Single by Brothers Osborne

from the album Pawn Shop
- Released: March 31, 2014
- Genre: Country
- Length: 3:34 (album version) 3:28 (EP version)
- Label: EMI Nashville
- Songwriters: John Osborne T. J. Osborne Barry Dean
- Producers: Brad Hill Brothers Osborne

Brothers Osborne singles chronology
| "Let's Go There" (2013) | "Rum" (2014) | "Stay a Little Longer" (2015) |

= Rum (song) =

Country song by Brothers Osborne about rum

"Rum" is a song recorded by American country music duo Brothers Osborne. The song was written by the duo, along with Barry Dean. It was released in March 2014 as the lead single from their first extended play Brothers Osborne and debut album Pawn Shop in 2016.

==Critical reception==
Billy Dukes of Taste of Country gave the song a favorable review, writing that "‘Rum’ has a garage rock quality to it. Sparse percussion backs John Osborne's guitar lick before brother T.J. begins his story." Bobby Peacock of Roughstock also reviewed the song favorably, saying that "the lyrical content is elevated to originality by way of nonstandard lyrics and phrasing, most notably on the chorus." Peacock added that "the best and most distinctive feature is the production, which is loose, stripped-down, and funky just like its predecessor."

==Music video==
The music video was directed by Peter Zavadil and premiered in July 2014. It was filmed in their hometown of Deale, Maryland.

==Chart performance==
"Rum" debuted at number 55 on the U.S. Billboard Country Airplay chart for the week of April 12, 2014. It also debuted at number 50 on the U.S. Billboard Hot Country Songs chart for the week of June 14, 2014.

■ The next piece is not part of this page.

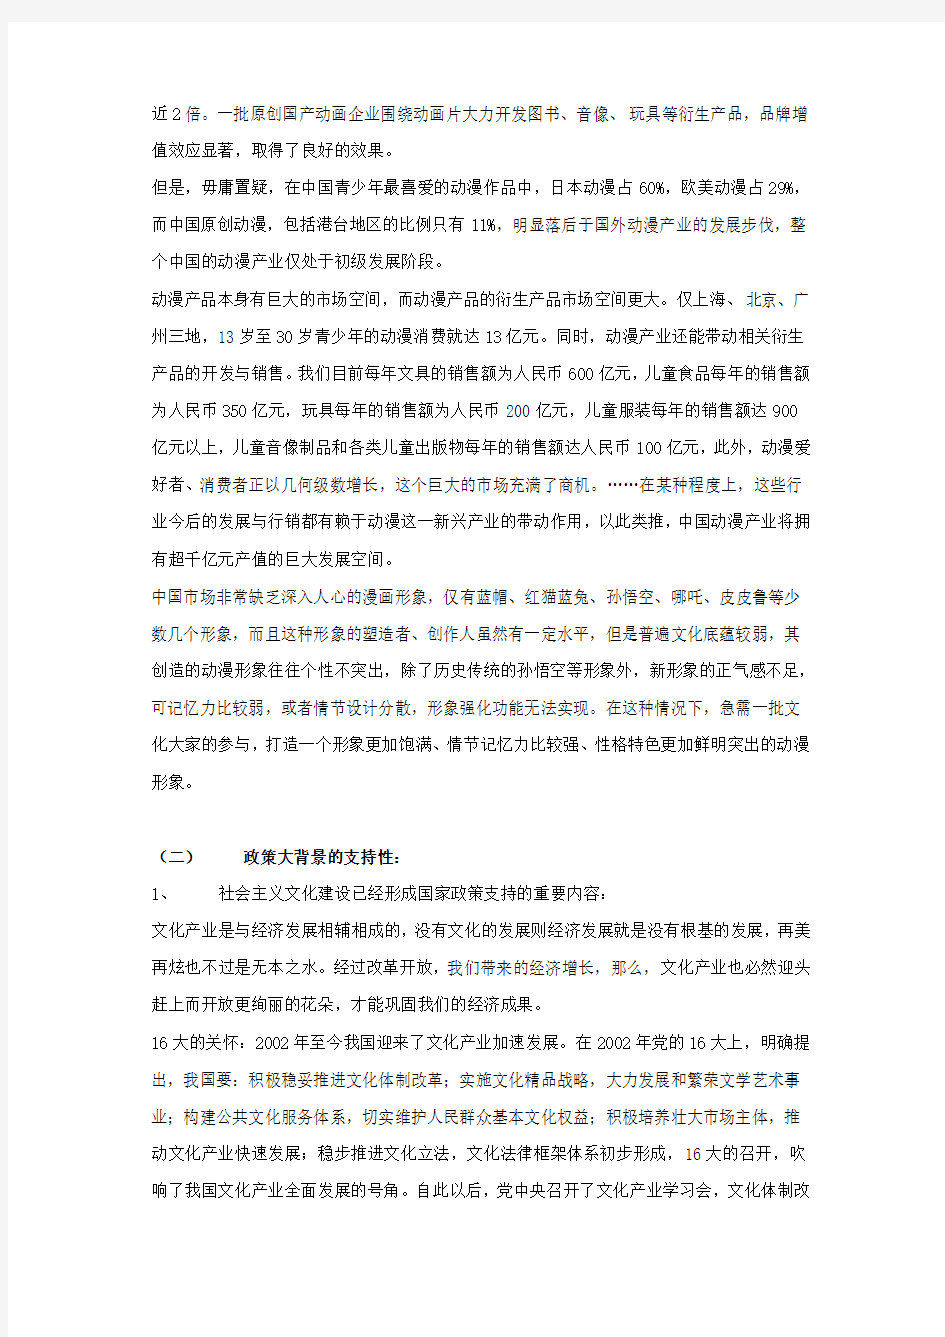 中国动漫产业发展的社会背景研究(河南省)

| Chart (2014) | Peak position |
|---|---|
| US Country Airplay (Billboard) | 27 |
| US Hot Country Songs (Billboard) | 34 |

===Year-end charts===

| Chart (2014) | Position |
|---|---|
| US Country Airplay (Billboard) | 90 |
| US Hot Country Songs (Billboard) | 96 |

==Certifications==

| Region | Certification | Certified units/sales |
| United States (RIAA) | Gold | 500,000^{‡} |
^{‡} Sales+streaming figures based on certification alone.